Charles Allen, assistant secretary of Homeland Security for intelligence analysis, said the main priority is to make more robust use of intelligence capabilities for civil defense purposes.
"The least of my concern is law enforcement," he said in a telephone interview.
"We're looking at that and we'll do it in an appropriate way," he said. But he said the government will move slowly on what probably will be limited applications for law enforcement.
He said spy satellites already have been used on an ad hoc basis to guard against terrorist attacks at political conventions and major sporting events.
The Department of Homeland Security envisions using spy satellites to keep closer watch over borders, ports, bridges and other key infrastructure.
They would use them in responding to disasters like the September 11, 2001 attacks or Hurricane Katrina.
NASA, the Federal Emergency Management Administration and US Geological Survey already have had access to imagery from US reconnaissance satellites.
But the expanded uses raise questions about the implications for US civil liberties, whether the government's intelligence apparatus should be available to use to spy on people inside the United States.
Another issue is whether and how law enforcement agencies will ultimately be able to use powerful tools designed to spy on foreign adversaries.
A US official, who spoke on condition of anonymity, said the changes have been vetted throughout the US government and appropriate congressional committees have been briefed and approved a budget re-allocation for the new program.
"There is no new legal ground being broken here," said the official, who spoke to AFP on condition of anonymity.

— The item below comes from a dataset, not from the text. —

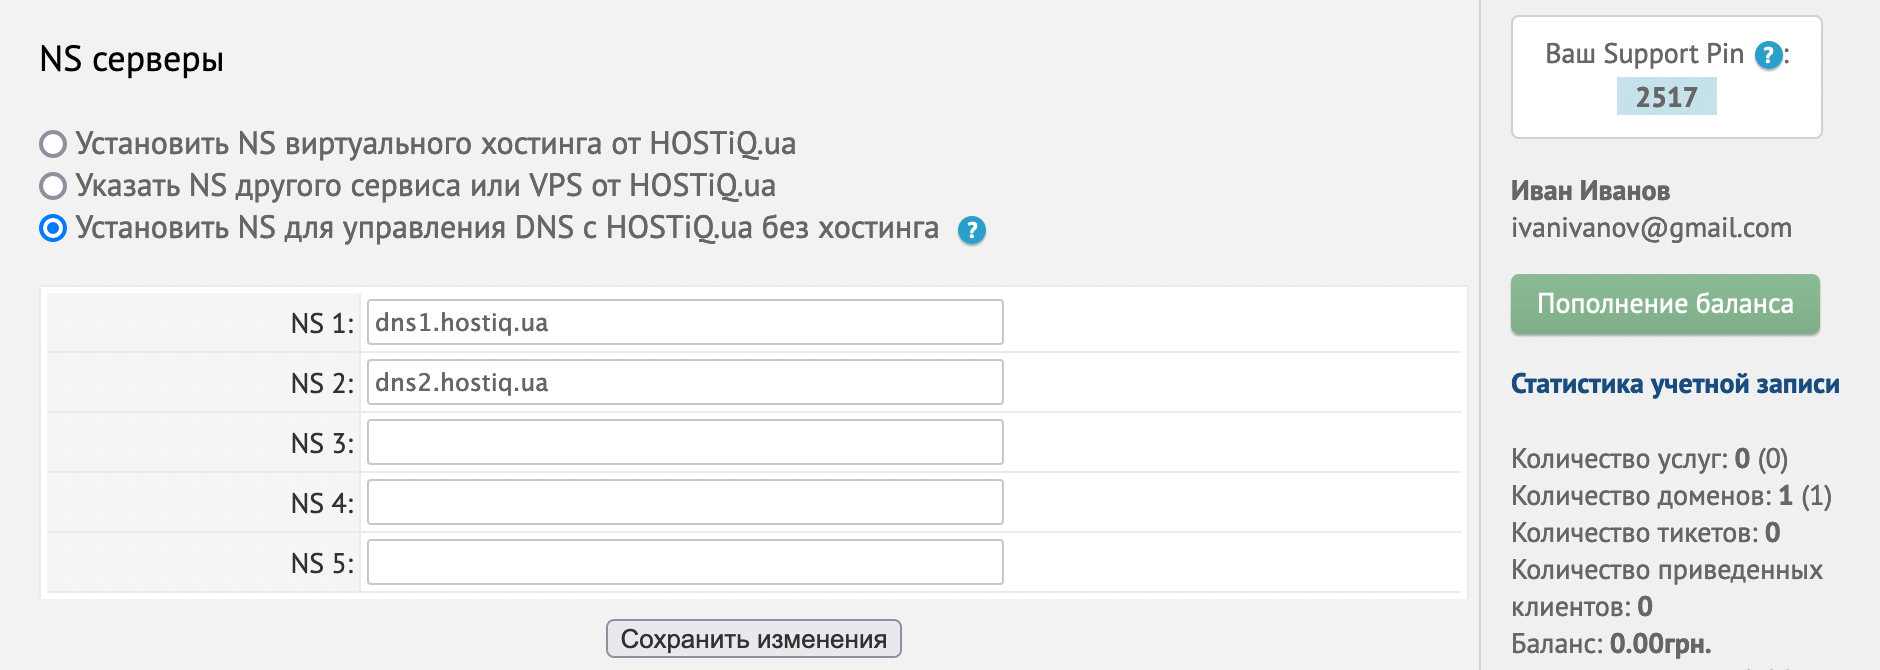 Вариант «Установить NS для управления DNS с HOSTiQ.ua без хостинга» в блоке «NS серверы» в параметрах домена

The Wall Street Journal was the first to report on the plans Wednesday.
As a result of the changes, the Department of Homeland Security plans up to create a National Applications Office around October 1 to handle requests for access to intelligence capabilities from civilian agencies.
The offices will have separate working groups for civil, homeland security and law enforcement applications.
"The NAO will rely on existing, longstanding practice and procedures established by the Intelligence Community to ensure the appropriate protection of privacy and civil rights," a press release issued by the Department of Homeland Security said.
It said oversight would be provided by the department's inspector general and by civil rights officers at the department and at the office of the director of national intelligence.